Шрифт:
Интервал:
Закладка:
Перед отъездом он преподал мне, что надо всегда недовешивать, иначе будет провес. Я побыл с неделю ключником. Самым приятным был погреб с маслом. Я вылавливал из кадушки с водою кусочки с маслом и ел без хлеба.
Масло ело только высшее начальство и посылало дань в Симферополь.
Я был недоволен. Обстановка ссор, интриг тяготила меня. Всего я прожил недели две.
Получаю телеграмму. Прислали вызов из Москвы: приезжай. Было под вечер. Я добился сейчас же отпуска, сдал склад, нагрузился некоторыми запасами фунтов эдак пятьдесят и вышел, чтобы пройти сокращенной дорогой мимо Симферополя.

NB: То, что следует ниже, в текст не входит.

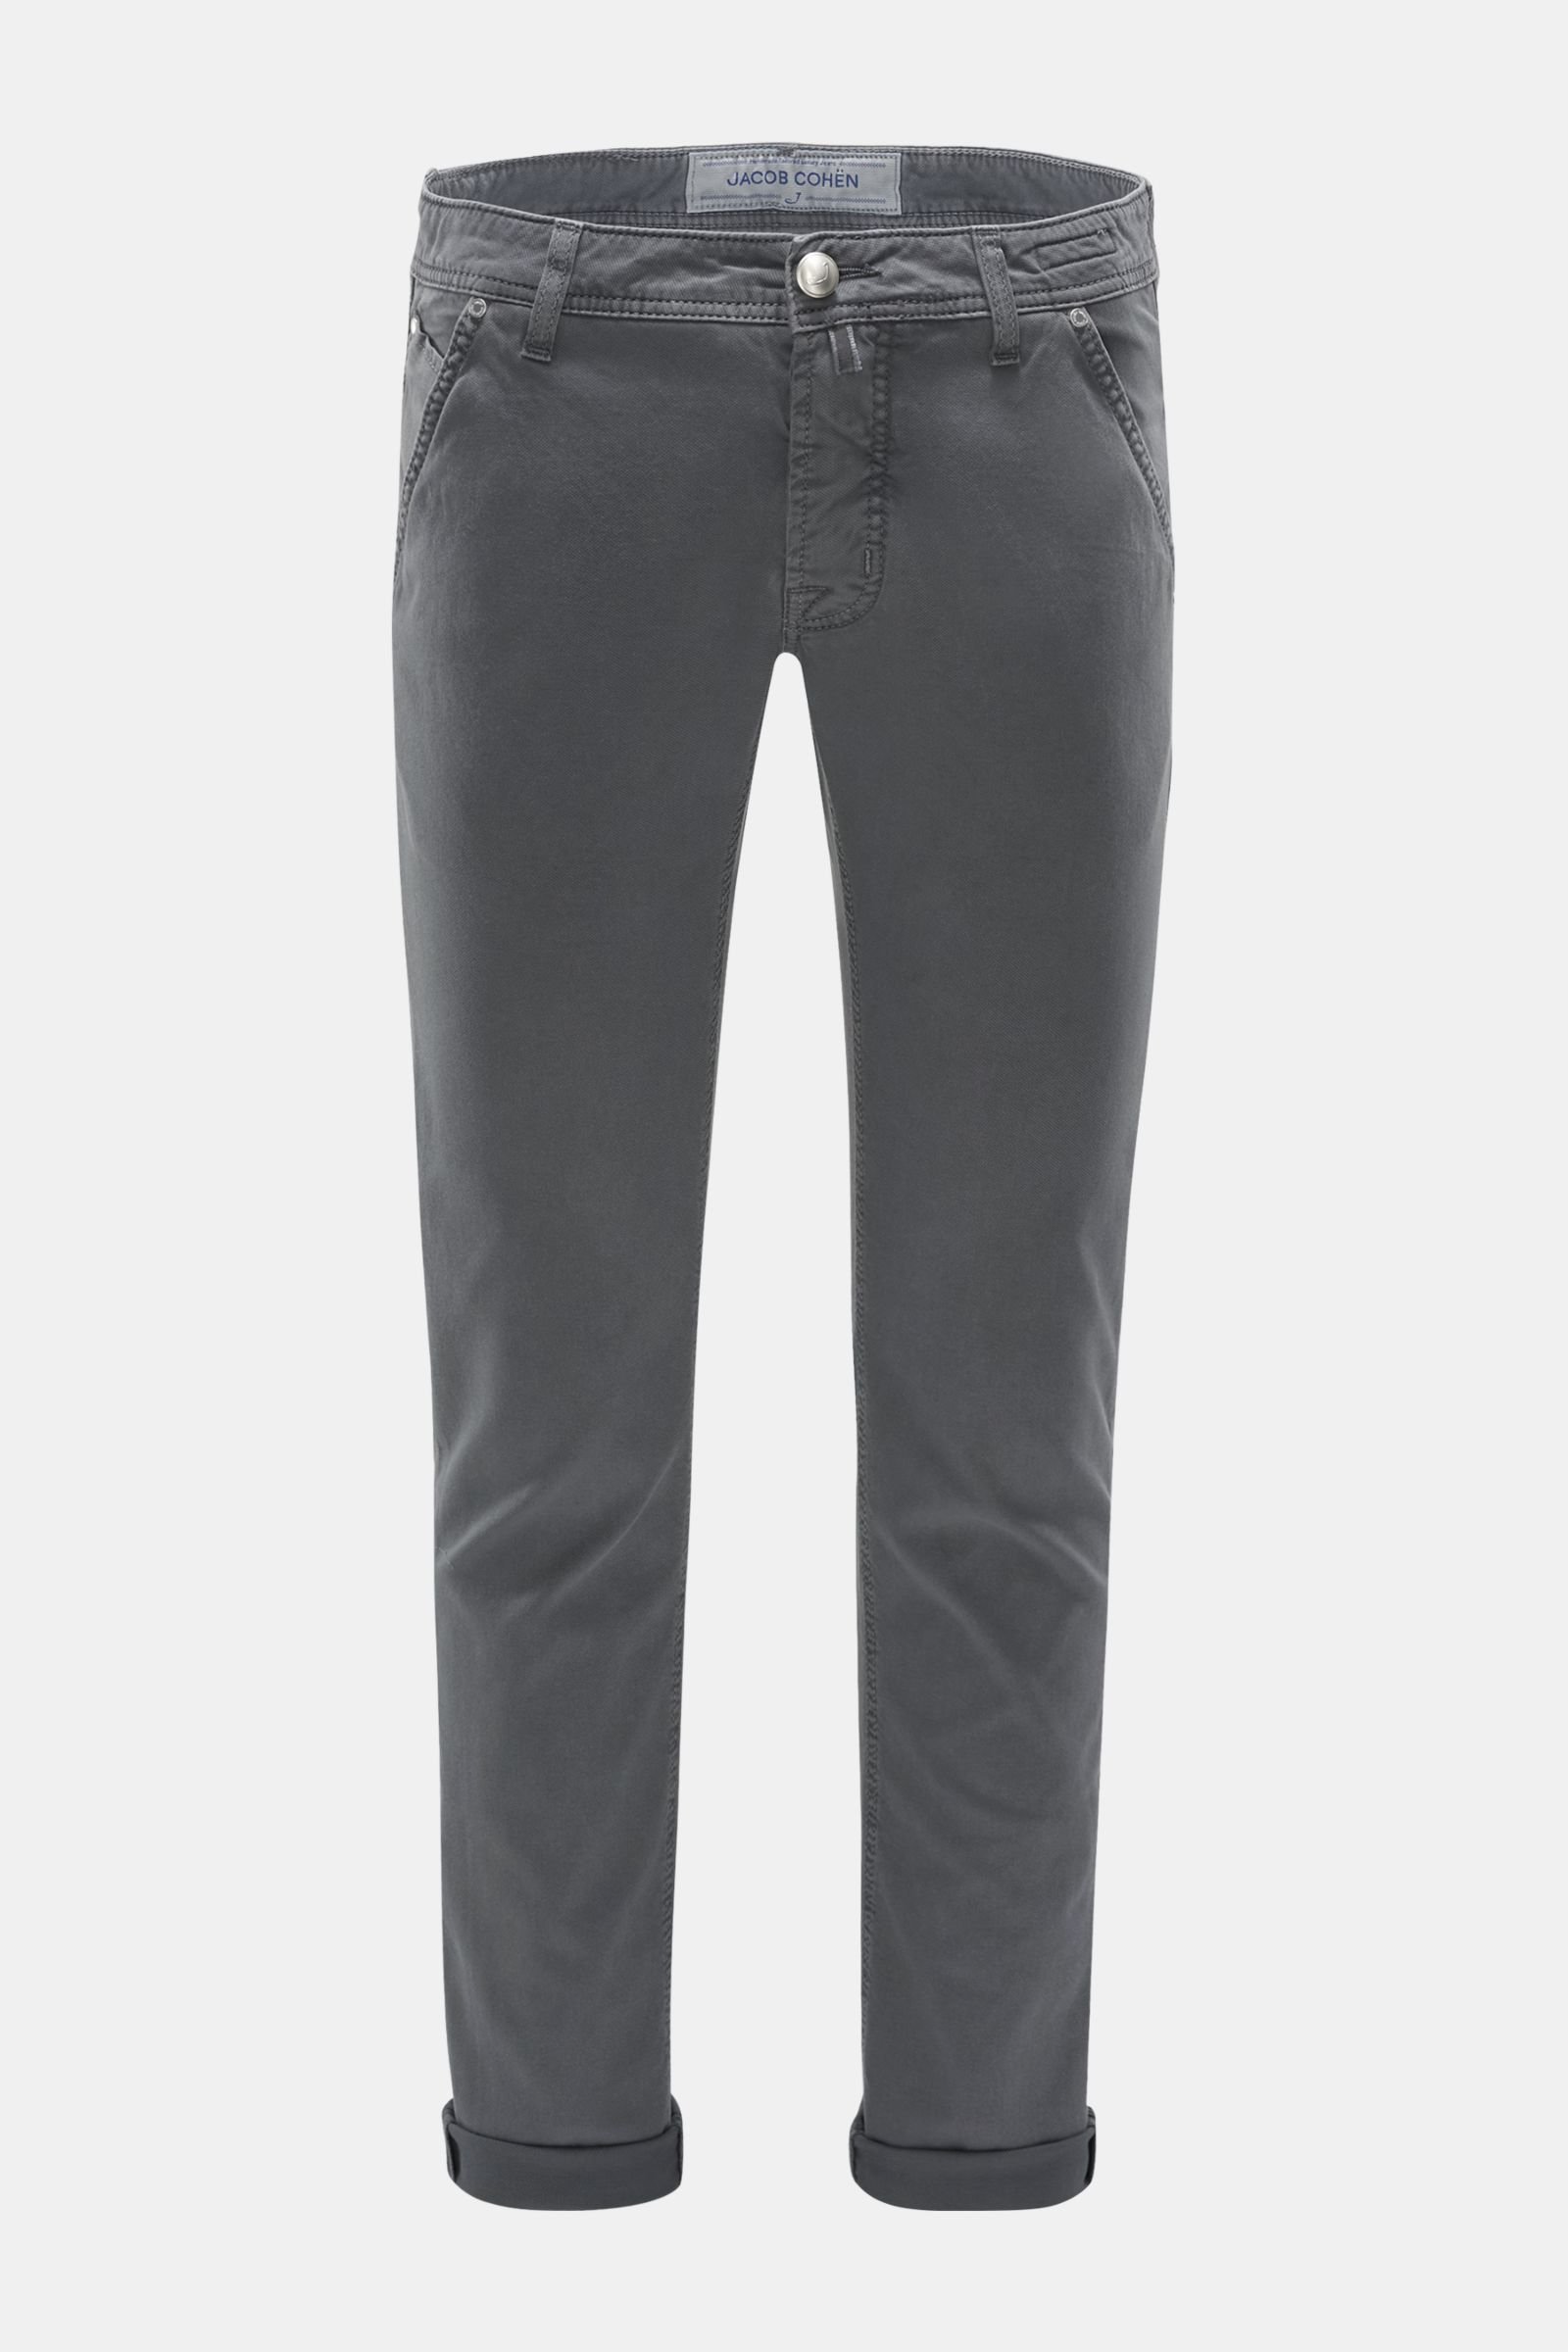 Cotton trousers 'J613 Comfort Slim Fit' grey

Шел с большим трудом, не было никакого случая. Так и дошел верст пятнадцать до деревни, где был совхоз. С заведующим я был знаком.

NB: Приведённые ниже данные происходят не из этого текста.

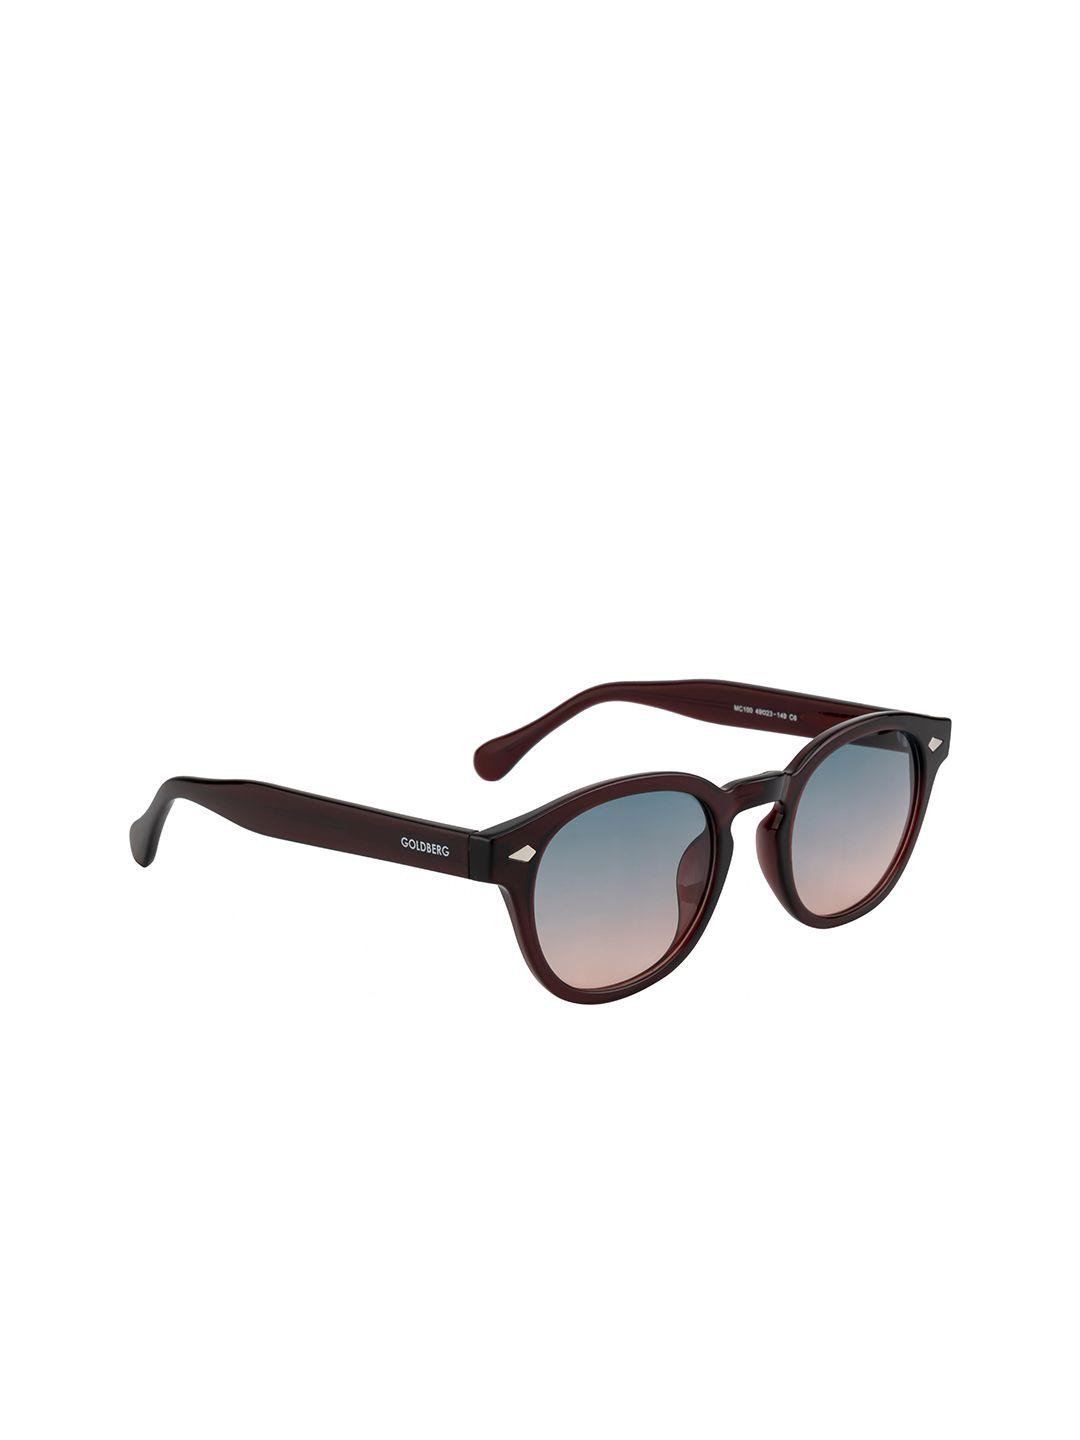 gold berg unisex pink lens & red wayfarer sunglasses with uv protected lens gb-100_c6

В совхозе ели лучше. Кофе на молоке пополам с водой, хороший хлеб, мясо. Спал на полу на соломе.
Утром из расспросов я убедился, что прямая тропа не опасна, даже мало татар ее знают. Заведующий подвез меня в Симферополь.
По дороге заехали подкормить лошадей в совхоз, где работали буржуи: старшим был актер, заведовал крепкий латыш.

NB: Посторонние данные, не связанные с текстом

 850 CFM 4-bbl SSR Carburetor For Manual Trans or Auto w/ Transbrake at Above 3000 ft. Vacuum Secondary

Вечером приехал в райупрсовхоз. Попросил разрешения переночевать в канцелярии. Улегся на столе и под голову — счеты. Повертелся, повертелся и заснул.
Наконец, дорога из Симферополя. Верст шесть пешком. Потом уговорил одну линейку задешево подвезти. Ночевали в пустом срубе. Варили на костре кофе. Извозчик угощал меня хлебом.
В Гурзуфе толстая бумага: вызов из Москвы. На этом основании надо получить кучу бумаг, чтобы выбраться из Гурзуфа, а потом из Крыма.
Сначала надо было по всей форме уйти со службы. Снял три копии. Послал одну заказным в Карасубазар, одну оставил дома, а подлинник положил в карман. Так как при обыске обычно ощупывают карманы на груди и боках, я устроил карман внизу штанов.
Вышел как всегда после обеда. Дошел до Биюк-Ламбата. Видел редкое зрелище: сражение зеленых с красными.
Те и другие — обыкновенные граждане — лежали, мирно беседовали.
Готовили общий пир. Я думал, что ночью может что-нибудь выйти. Дело шло о переходе зеленых к мирному состоянию. От Биюка стали спускаться тропками на берег. Терял дорогу, шел по направлению просто к морю, иногда вспоминал и ощупывал драгоценную бумагу.
Как хорошо посылать копии почтою. Из Карасубазарского райупрсовхоза меня отпустили в распоряжение симферопольского Крымсовхоза. Я пожил несколько дней в Симферополе. Начальство проворовалось на отправке на север разных продуктов, были заместители. В конце концов получил командировку в Моск-ву. Разрешение от Чеки, разрешение наркомтруда — о счастье, оказался гурзуфским приятелем! Он сделал в пять минут, что другим стоило двух недель.
Ранним утром вышел из Симферополя Салгирской улицей. Пешему не всегда везет. Иногда идешь, идешь, и никто подходящий не попадается.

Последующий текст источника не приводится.